Однажды летом Сафронов сказал мне:
— Давай навестим одного скромника-затворника, знатока истории России. Занятный тип, живописец и прозаик… У него полно достоинств, но есть два недостатка — не курит и не пьет. (В то время все мы, начитавшись Хемингуэя и Ремарка, старались подражать им и выпивки рассматривали своего рода выходом к свободе).
Скромный затворник Юрий Вронский, бородатый парень в свитере домашней вязки, жил далеко не скромно — имел собственный дом рядом со станцией метро Сокол. Целый деревянный дом в черте города! И сад! Для меня это выглядело пределом счастья (мое представление о счастье сводилось к благоустроенности). В доме Вронского было множество немыслимых штуковин (не скромного достоинства): мушкеты, прялки, гжельские подносы и… разобранный орган. После чаепития и бурных разговоров об искусстве, Вронский поднял руку:
— Давайте устроим музыкальную паузу! — и дал нам по свинцовой трубе от органа. — Дуйте в них!
— Куда дуть? — переспросил я.
— В сопло! — Вронский ткнул на вырез в трубе. — Раз взмахну рукой, дуйте один раз, два раза взмахну — дуйте два раза.
Обращаясь то ко мне, то к Сафронову, он замахал руками. В результате его сигнальной системы послышались величественные звуки, какая-то мелодия. Кажется, «Песня Сольвейг». Очень музыкальным оказался этот скромник Вронский.
Все это было давно и уже сократилось до игрушечных размеров, но «очарование момента» не покидает меня до сих пор. Почему-то прошлое всегда кажется лучше настоящего.
Отдельно стоит сказать об одной арбатской квартире, где по пятницам собирались молодые художники и поэты. Квартира называлась вычурно — «салон мадам Фриде», и представляла собой две комнаты с протертой поломанной мебелью, в которой проглядывала претензия на какой-то стиль. И в старомодной одежде хозяйки «салона», молодящейся напудренной старушенции в пенсне, с крашенными в яркий цвет кудряшками (ей «надоело все серое!»), тоже проглядывала некая претензия неизвестно на что (понятно, кроме замаскированной старости); скорее всего проглядывало тщеславие.

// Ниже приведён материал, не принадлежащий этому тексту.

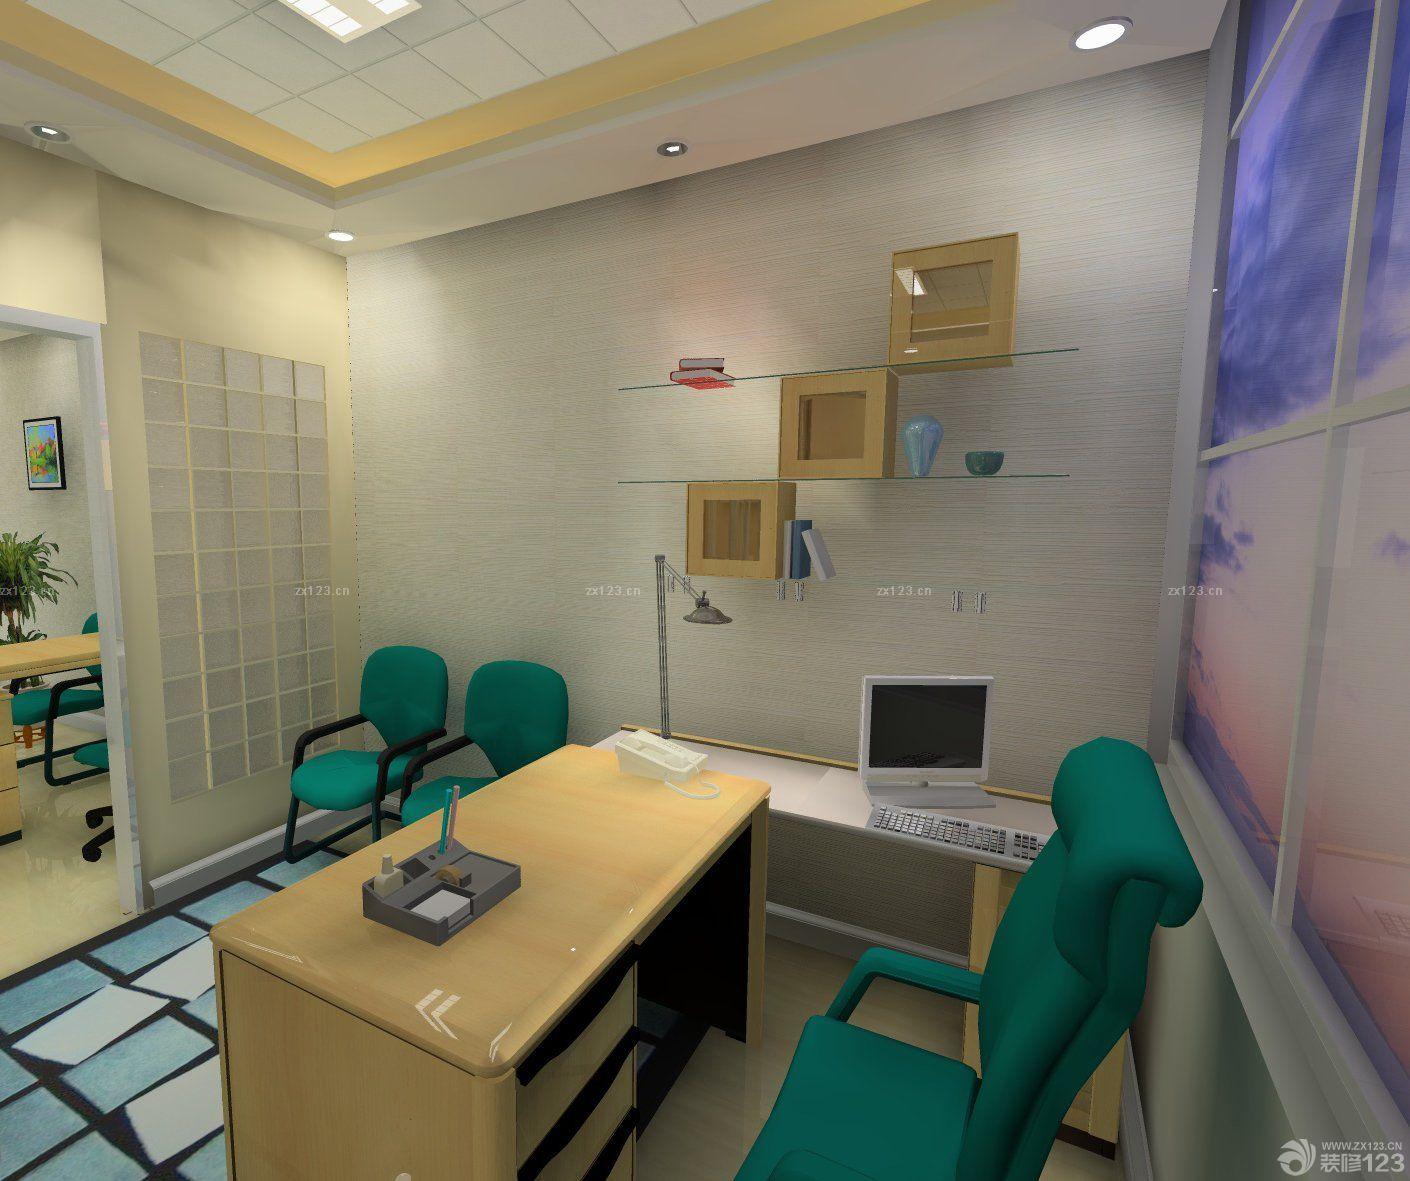 室内背景墙设计图片-简单大方的电视墙图片|现代背景

Всех посетителей мадам Фриде называла: «сударь, любезнейший». Впечатлительная, уязвимая, она все воспринимала слишком серьезно и от любого неосторожного слова гостя покрывалась бурыми пятнами и кипела от негодования. Тем не менее каждую пятницу мадам Фриде зажигала свечу под старинной лампой и на свет слетались творческие юнцы; приходили с папками рисунков, с тетрадями стихотворений; в «салоне» велись смелые, откровенные разговоры с ответвлениями в политику, что некоторых, естественно, настораживало.
Я изредка появлялся в том обществе, правда, сидел нахохлившись, словно стрелец, готовый в любую минуту выстрелить или уклониться от стрелы. Помню, мне сразу не понравилось фальшивое эстетство хозяйки, ее «птичий» язык, но среди гостей было несколько интересных художников и поэтов.
Маленький, взлохмаченный, безумный Михаил Гробман играл роль гения — шествовал по комнате строевым шагом и с надрывом читал собственные поэмы, при этом все время делал отступления — говорил о себе, что, понятно, — оборотная сторона малодушия, бессилия.
Закончив поэму, Гробман не терял времени даром — азартно делал монотипии: размазывал пятерней на стекле краски, прикладывал газеты и оттиски раздаривал посетителям «салона».
— Это предел фантазии! Со временем эти работы будут украшать лучшие музеи мира! — изрекал он, размашисто подписывая «шедевры».
Его притязания на всемирное признание подогревала мадам Фриде, подогревала, как мне казалось, искренне, без всякой губительной лести.
— Дивно! Восхитительно! Божественно! — шептала она, зажмурившись и сложив ладони на груди.
Я ничего не понимал ни в поэмах, ни в монотипиях Гробмана, но был уверен, что настоящий профессионал в своем деле более спокоен, и догадывался, что тот, кто делает в искусстве действительно стоящие вещи, ведет себя скромнее.
В «салоне» выступали худые, длинноволосые поэты.
— Бесподобно! Обворожительно! Трепетно! Волнительно! — горячо вскрикивала мадам Фриде, когда очередной поэт, вспотевший, красный, словно ему надавали пощечин, заканчивал чтиво.
Завсегдатай «салона» художник Игорь Куклес (имевший в Москве первую «домашнюю» выставку), по его словам, брался за кисти и подходил к холстам только когда возникал «эффект шара».
— Когда перед глазами возникает вся картина объемно, и начальные мазки органично смыкаются с концовкой, с завершающими мазками.